Turn signals are older than modern digital systems. Your turn signal bulbs draw power, that power creates a little heat inside the flasher module. This breaks the connection. Then it cools, and it makes the connection and they light up again. Over and over. Different bulbs and other factors will cause it to flash at different rates. So the timing isn’t perfect and varies from car to car.
Like everything else, they’re digital now, and have perfect consistent timing now. It’s going to become more and more likely to see perfect sync between vehicles, given that you both started your flashers at the same time.
But also… You’d have to have the same make and model to guarantee it syncs.. because there is no standard timing! There is only a range specified by law, not exact timing. So different makes and models use different timing.

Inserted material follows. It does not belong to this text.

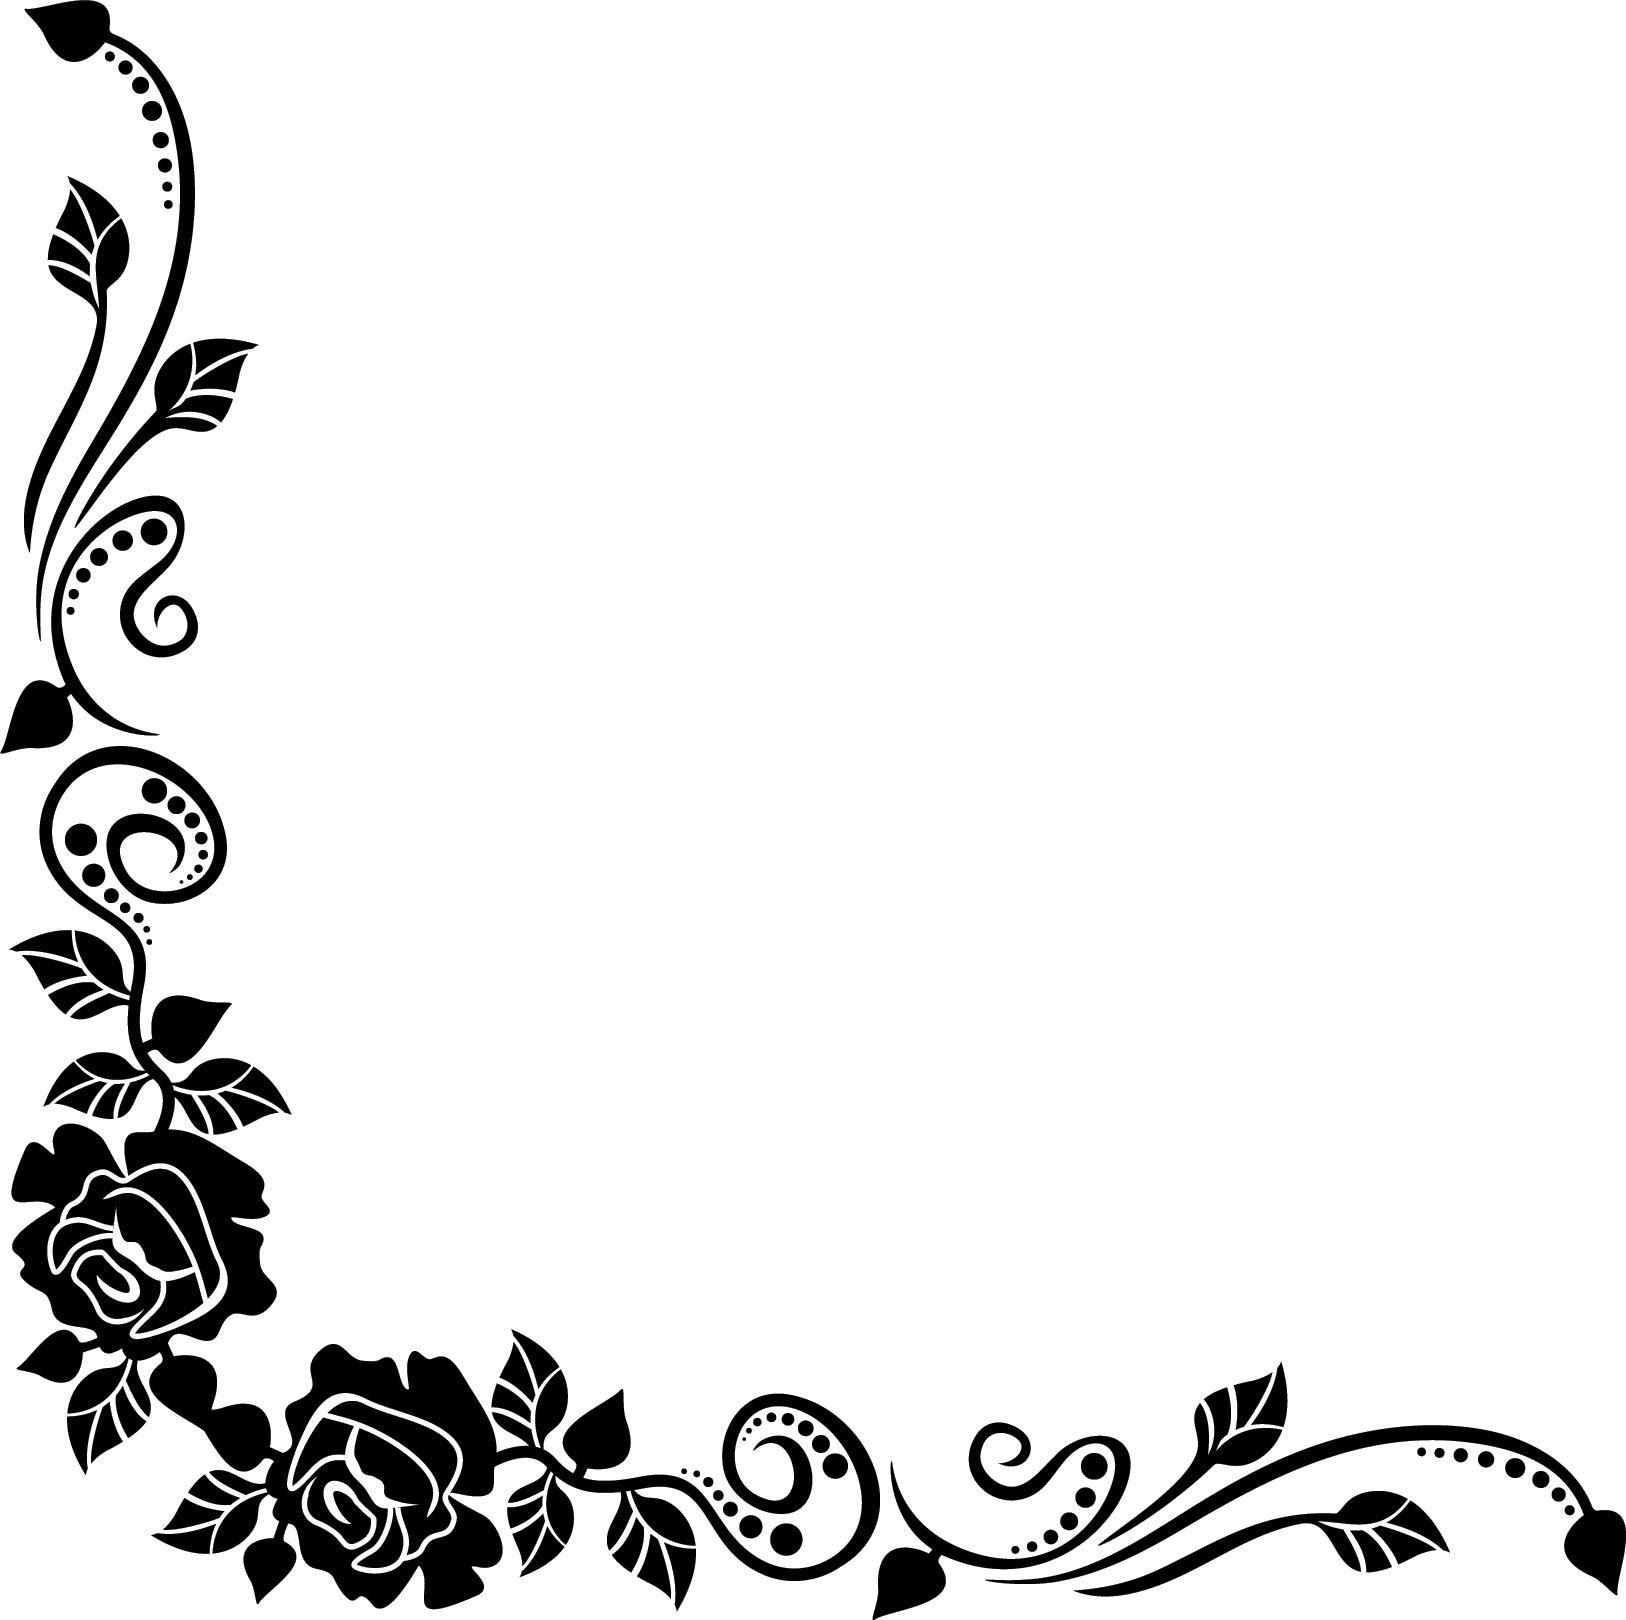 1626x1620 Silhouettes Flourish Flower

If you sit at a red light long enough and focus on one particular car, your signals will eventually sync. Maybe only for a couple of blinks because they’re not flashing at the same speed, but it’ll happen. Otherwise, there are many factors affecting why it doesn’t happen. The simplest is that most manufacturers use different modules to make their signals flash. A Toyota and Ford might be off by milliseconds, but that in itself means they will never sync perfectly with each other. The other big factor is that everyone turns on their signals at a different time. If you and the car next to you (of the same make/model) flipped on your signals at the same exact second, then it might be perfectly synchronized.
I used to sit at a turn signal that took two minutes to turn green every morning on my way to work. Thought long and hard about this, apparently.
There are a few things to consider. Older cars use a relay to operate turn signals which work by passing electrical current through a piece of metal until it heats up enough to expand and disconnect the circuit, which then reconnects when the metal cools down and shrinks. Imperfections in the material and manufacturing process and variances in electrical current from car to car makes these relays almost impossible to synchronize.
Also, even with newer digitally controlled circuits, timers aren’t always 100% perfect. Crystal oscillators will have a small percentage of tolerance in the actual frequency in which they oscillate. They will also be affected by stability of source power, temperature, and other small factors. You can have a hundred oscillators that are specified to operate at 32,768 hertz but, in reality, may vary by hundreds of Hertz between them. Though the effect is minimal in most uses, over time it will cause desynchronization. Software controlled lights, which use processor clock speed for timing instead of a crystal oscillator, can cause desynchronization when the processor cannot complete instructions within specified time which cause them to delay in response to other requests. This phenomenon is known as clock drift. This is why GPS timing, as GPS satellites use atomic clocks to provide timing, is important in synchronization sensitive applications, like long distance point to multipoint microwave radio communication or to provide “authoritative time” for logging.
There’s also the fact that people don’t turn on their turn signals at the same exact time.
Well not being synchronized it’s pretty easy… I figure you really meant frequency and duty cycle. Even on new cars that operate on digital timers set in the body controller all the different manufacturers might have slightly different timing they prefer. I don’t believe there is any standard timing required by the EU or USA, etc… So manufacturers will just do whatever they like.